Activity:
Without the images, repeat every line of the listing exactly.

Supplied material:
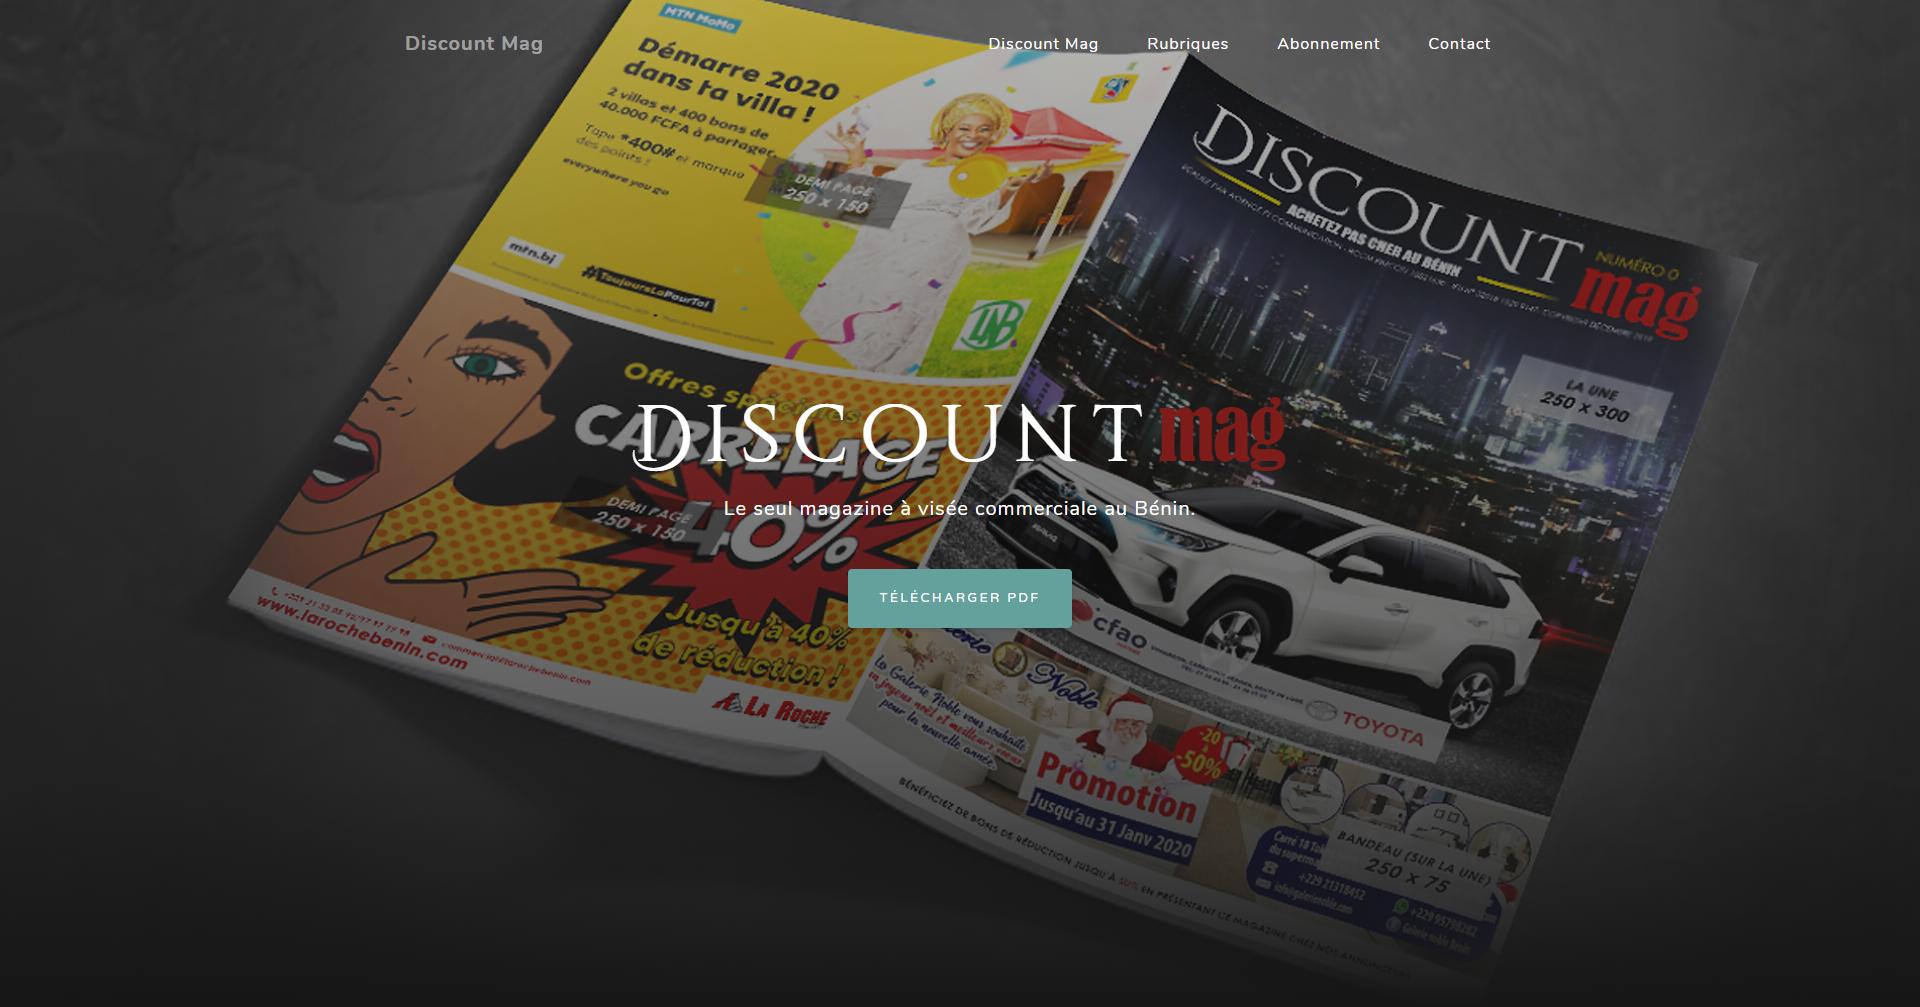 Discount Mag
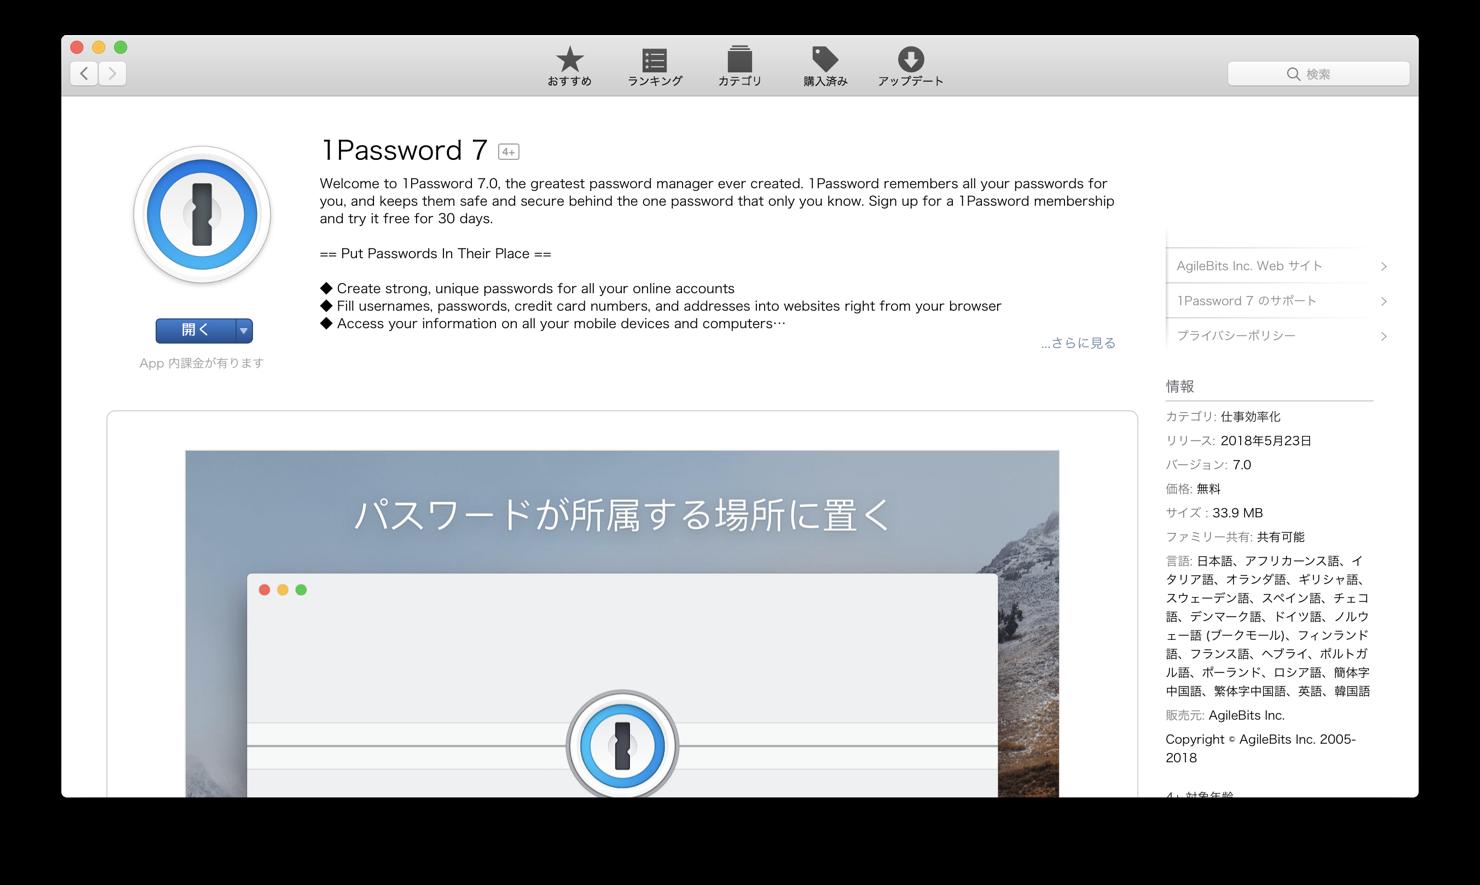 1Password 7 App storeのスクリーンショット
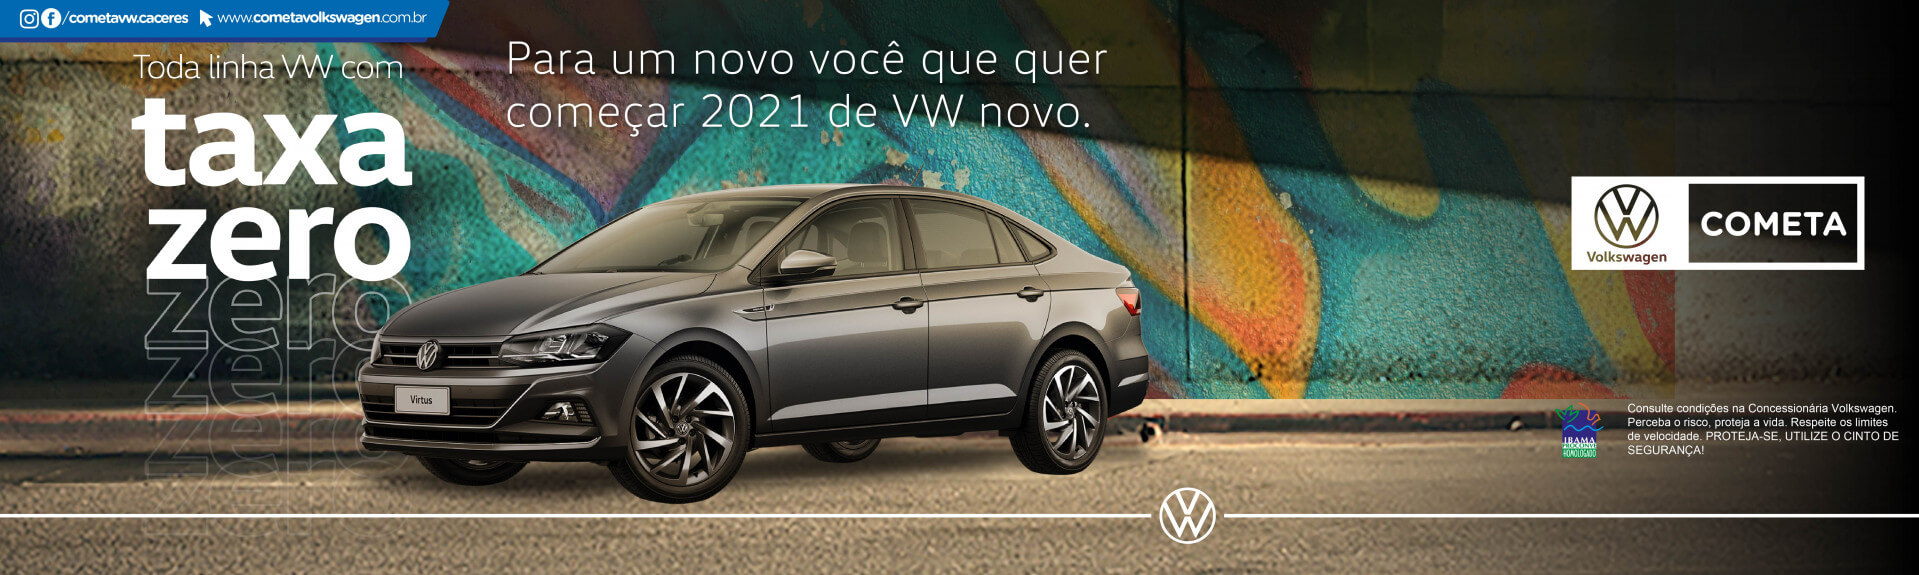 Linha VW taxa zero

Solution to this problem:
 Discount Mag
 1Password 7 App storeのスクリーンショット
 Linha VW taxa zero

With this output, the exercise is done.